正直、父親とふたりで食事をするというのは、気が重くて仕方がなかった。

もともと世間話というのがお互いにあまり得意ではなかったし、「彼女できたか」とか「酒の飲み方を教えてやる」とか、そんな話題しかない父と、テレビゲームと本にしか興味のない僕(まあ、これは今でも似たようなものか)に、まともな会話なんて、成り立つわけがない。

夜は「飲みに行く」ときどき「家族全員を追い立てて、食事に連れまわす」のどちらしかない人だったし。

とはいえ、その日は「じゃあひとりでまっすぐ帰る」とは、言えない雰囲気で、僕たちはふたりで、寿司屋のカウンターに並んだのだ。


つきだしに出てきたのが、ナマコを輪切りにして、ポン酢をかけたものだった。

僕はそれまで、ナマコを食べたことがなかったので、そのヌメヌメとした雰囲気に、ただならぬ気分になっていた。

これ、食べられるのか?

でも、父の前で弱みを見せるのもなんとなく嫌だったので、コリ、コリッと、そのナマコを食べ始めた。

まあ、食感にさえ慣れれば、ほとんどはポン酢の味だ。


父親はナマコに箸をつけようとせず、ようやく自分の分をクリアした僕に言った。

「お前、お父さんの分も食べてくれないか、年をとると、こういう固いものを食べるのがつらくてな」

内心、「せっかく自分のを食べ終えたのに……」とは思ったのだが、「ああ、いいよ」と答え、またナマコを食べた。
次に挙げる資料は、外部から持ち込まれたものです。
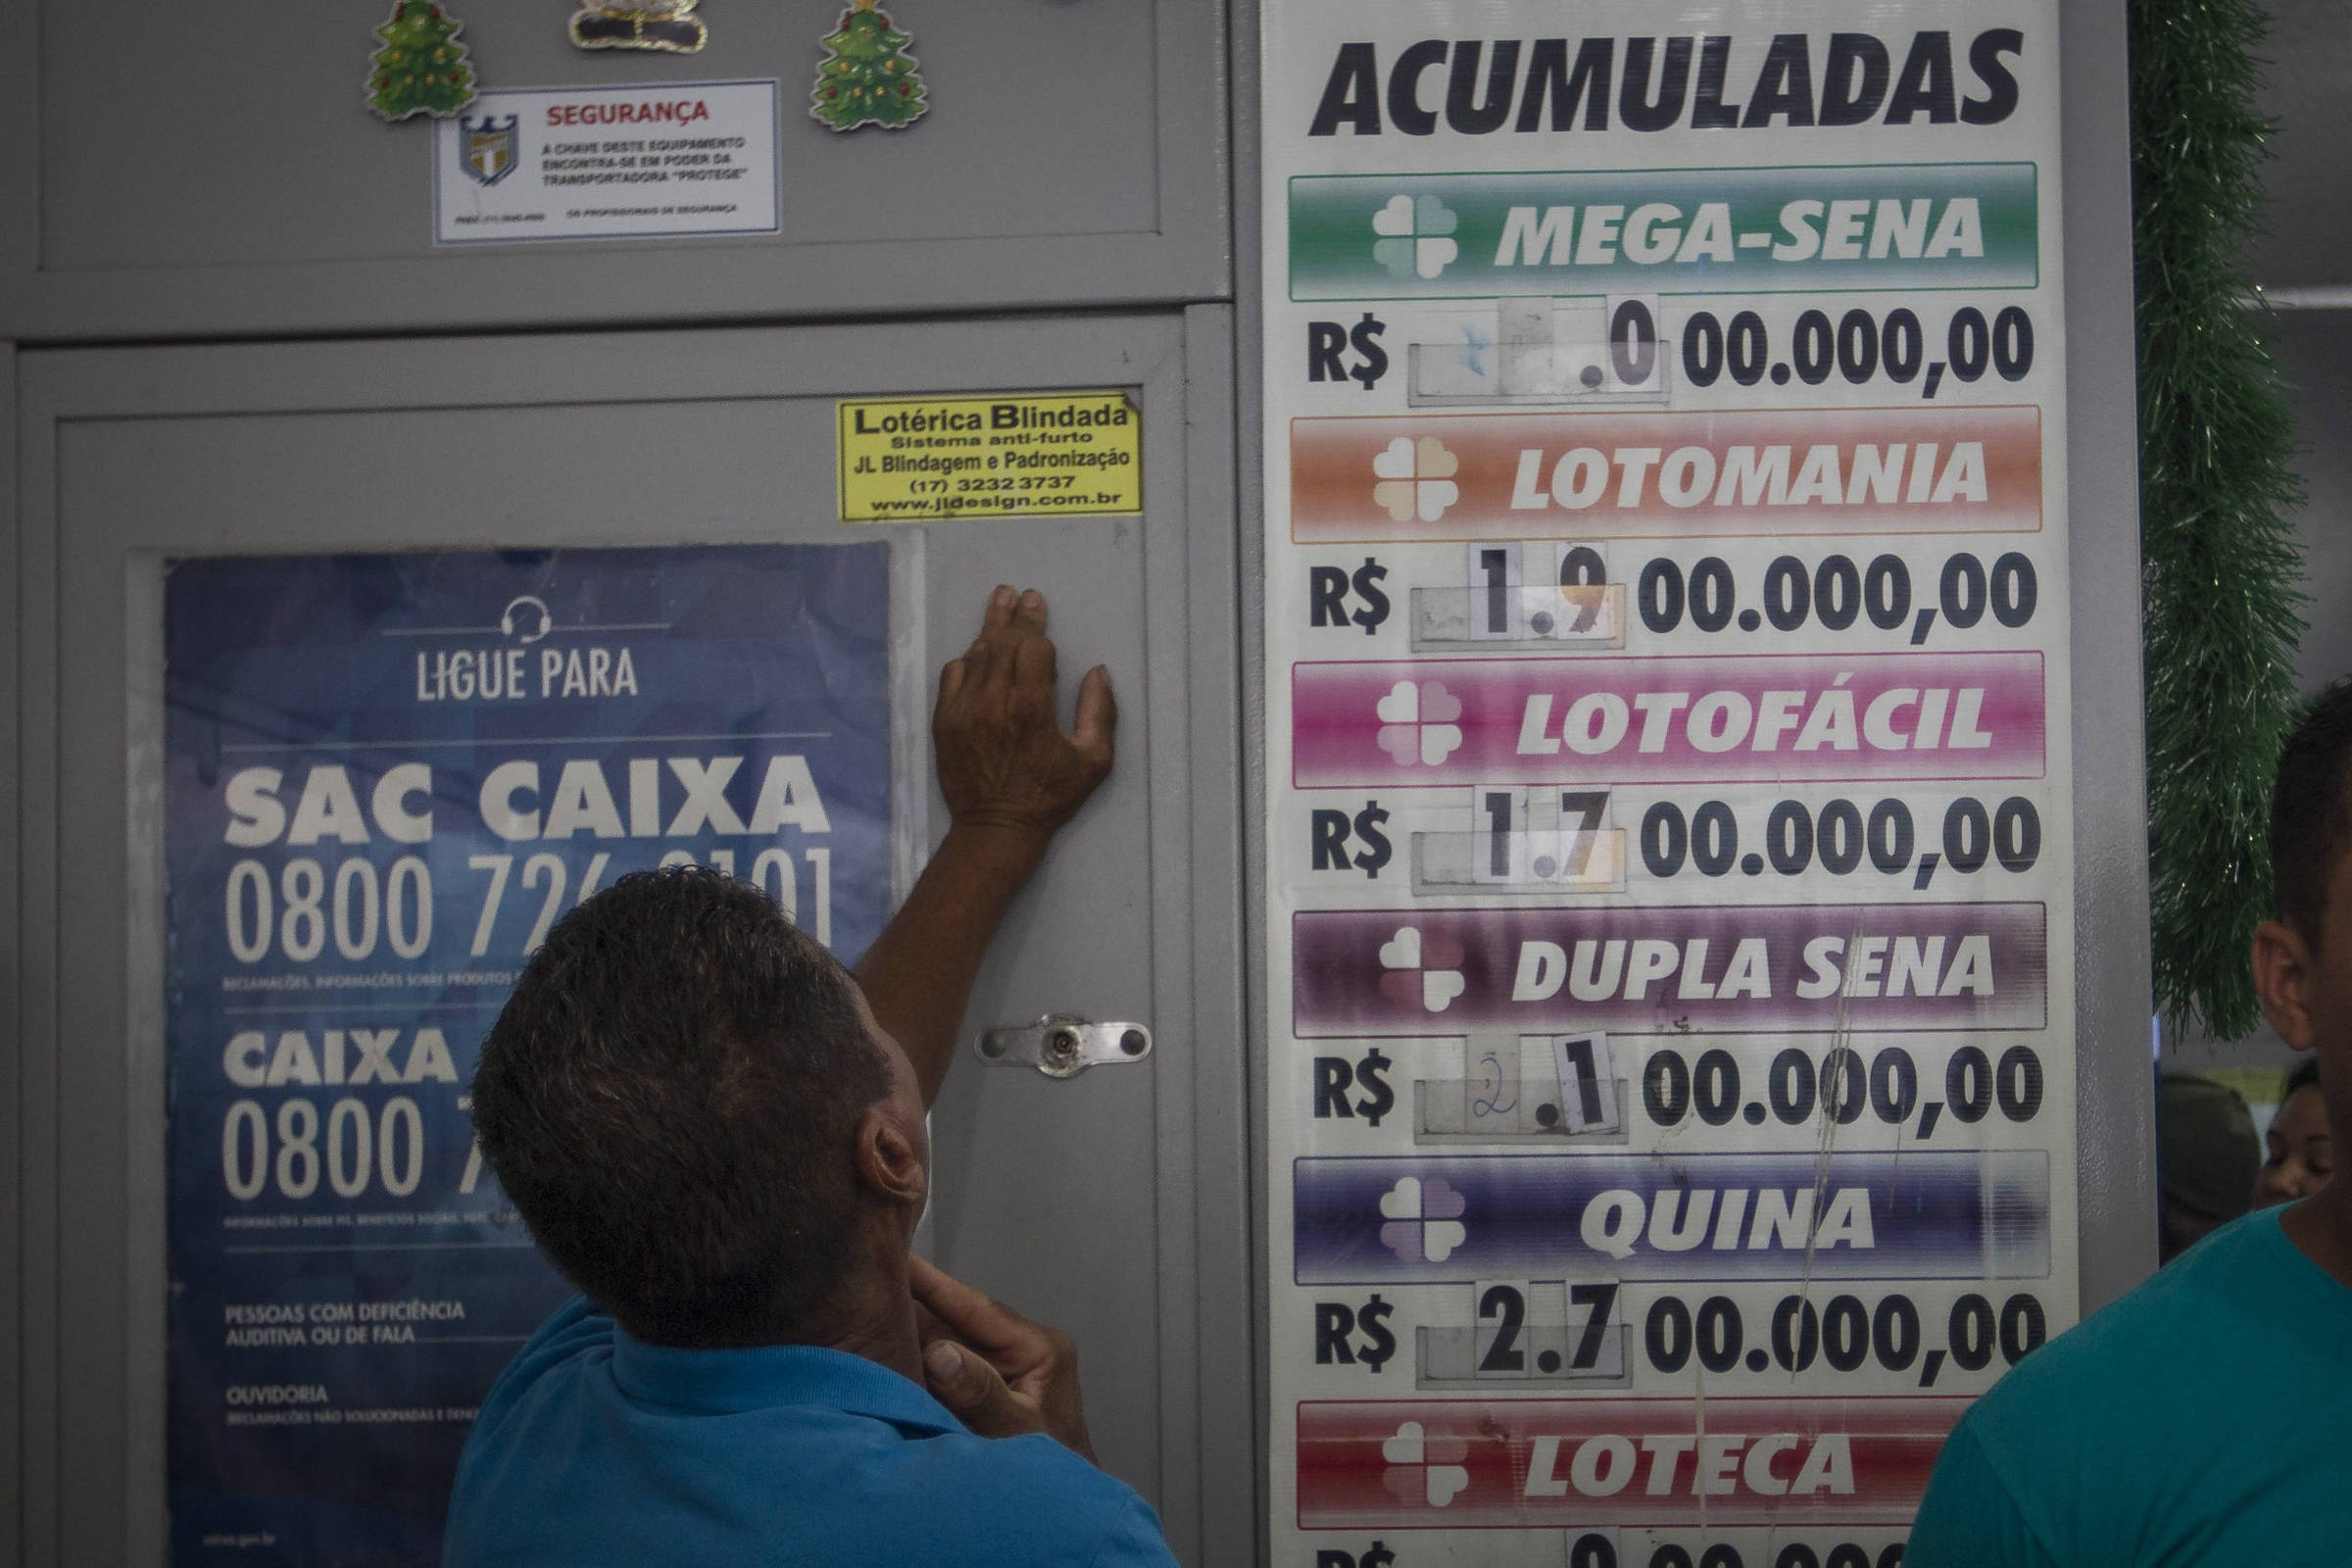 JACAREÍ, SP - 10.08.2018: CAIXA LANÇA SITE PARA APOSTAS ONLINE - Caixa  Econômica Federal launched, this Friday (

二人分も一度に食べるようなものじゃないよな、と思いつつ。


父親は、しばらく黙っていたが、しばらくして、小さな嗚咽が聞こえてきた。

「お母さん、もう、ダメみたいだ……」

僕は「ダメって、なんでもっと早く病気を見つけてあげなかったんだよ!」という苛立ちとか「急にそんなこと言われても、こういうとき、息子としては、どうすれば良いんだろう?」という困惑とか、「でも、厳しい状況っていうのは、もうわかってた……」という諦念とか、いろんな気持ちが入り混じっていたけれど、口に出しては何も言えなかった。

ワンマンで酒に飲まれることが多い父親で、当時の僕としては、ずっと不満な存在だったのだけれど、父が突然僕に渡してきた、他の家族には隠していた哀しみのバトンは、手にしてみると、あまりにも重かった。

逃げられるものなら、そこから逃げたかった。なかったこと、にしたかった。

そういえば、「固いものを食べるのがつらい」なんて弱音は、はじめて聞いたような。

その夜、僕は上にぎりを食べたあと、「まだ食べられるだろ?」と勧める父の言うがままに、並のにぎりを、押し黙ったまま、あと1人前食べた。

あのとき、僕にできたのは、ただ、「食べること」だけだった。


いま、思い出してみると、うちは兄弟が多かったのと、父親は仕事と付き合いばかりで家をあけてばかりだったのとで、物心ついてから、父親とふたりきりで食事をしたのは、あの一度だけかもしれない。

少なくとも、記憶に残っているのは、あの一回だけだ。


いまでも、ナマコが出てくると、あの夜のことを思い出してしまうのだ。

そして、ナマコを一口噛んで、「ああ、僕はまだ、たぶん大丈夫だな」と確認せずにはいられない。


ナマコを噛みしめると「大人」の味がする。